Another reason to think that the distinction is without a difference is that Habermas allows participants in an actual discourse to conduct advocatory discourses whereby they imaginatively project themselves into other people’s points of view. He must allow this because it would be impossible to conduct an actual discourse with “all affected” by a norm. So Habermas must allow that the constituency of all participants in an actual discourse might be small, at the limit two people, and that the constituency of “all affected” by a norm might consist of every moral agent and patient including the unborn. But with that degree of idealization, the difference between an ideal discourse conducted monologically and an actual but advocatory dialogue between real people has all but disappeared, and the cognitive superiority of the latter cannot be maintained.

3.7 Discourse Ethics and Critical Social Theory

Habermas claimed in Theory of Communicative Action that Adorno and Horkheimer’s critical theory failed to provide an adequate account “of its own normative foundations” (1981 [1984a: 374]) and that his own project was, by contrast the “beginning of a social theory concerned to validate its own critical standards” (1981 [1984a: xxxix]).
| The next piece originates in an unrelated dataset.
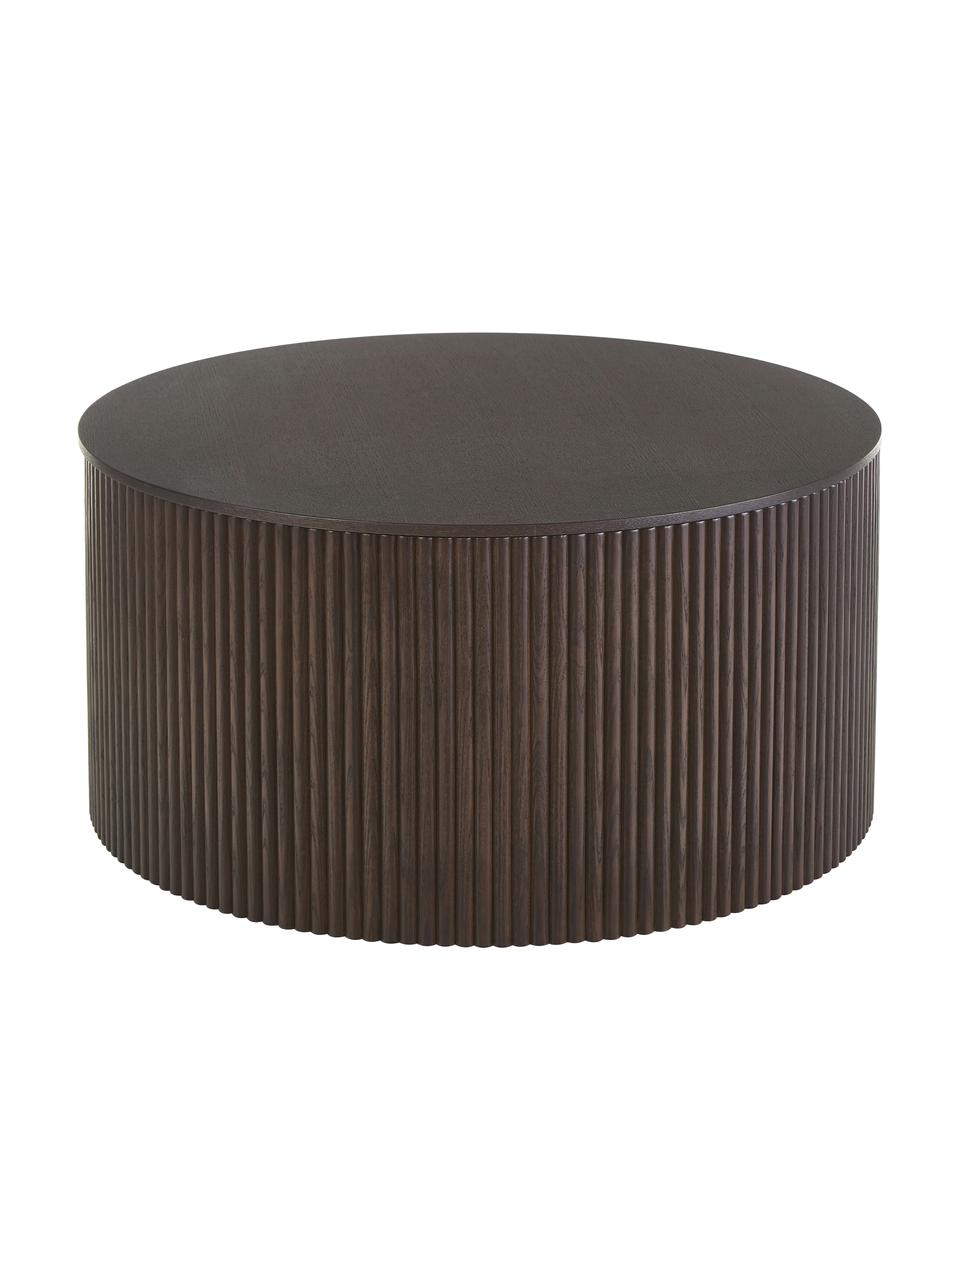 Mesa de centro redonda de madera Nele, con espacio de almacenamiento, Tablero de fibras de densidad media (MDF) chapado en madera de fresno, Negro, Ø 70 cm
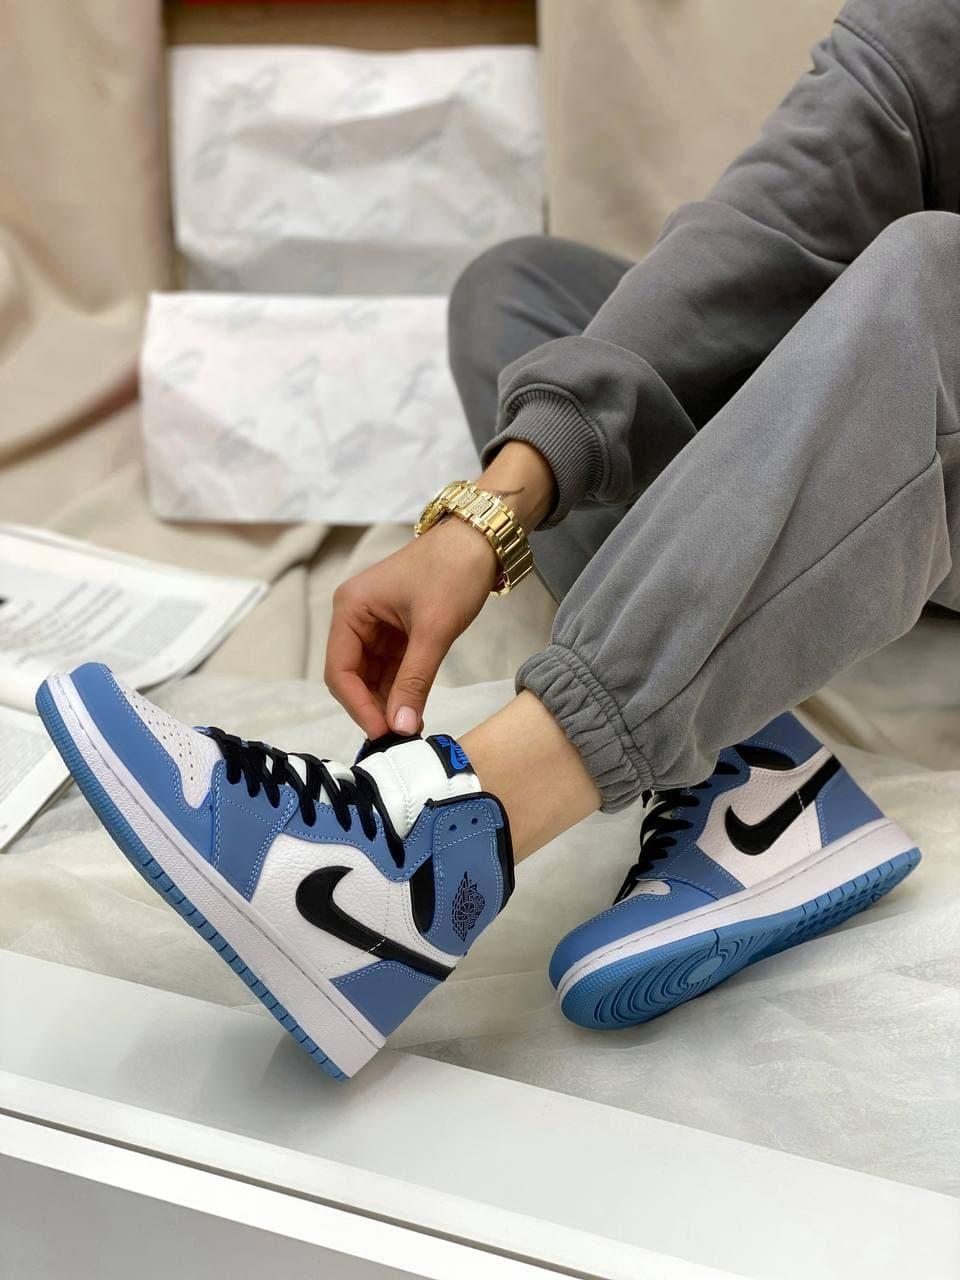 Чоловічі кросівки Nike Air Jordan Retro High University Blue (синьо-білі) NJ012 високі якісні кроси

In Legitimation Crisis Habermas had explored the idea that critical social theory could find its point d’appui in “suppressed generalizable interests”, namely the unrealized rational potentials of modern society (1973a [1975: 111]). As we saw, and Habermas himself admits, he did not develop this approach in Theory of Communicative Action. He claimed that critical theory must refrain from “critically evaluating … forms of life and cultures … as a whole” and focused instead on investigating the way in which communicative pathologies arising from the colonization of the lifeworld hinder “learning potentials” (1981 [1984a: 383]). Critics such as Schnädelbach and Taylor countered that such an approach would only explicate critical or rational potentials, but never justify normative criticisms of society (Schnädelbach 1986 [1991]; Taylor 1986 [1991]). Recall that (U) is a moral principle that is supposed to validate norms containing generalizable interests. Some of Habermas’s supporters in the 1980s, for example, Honneth and Benhabib, argued that discourse ethics could serve as the account of the normative foundations that Habermas argued first generation critical theory was missing (Honneth 1985 [1991: 286]; Benhabib 1986: 279–81).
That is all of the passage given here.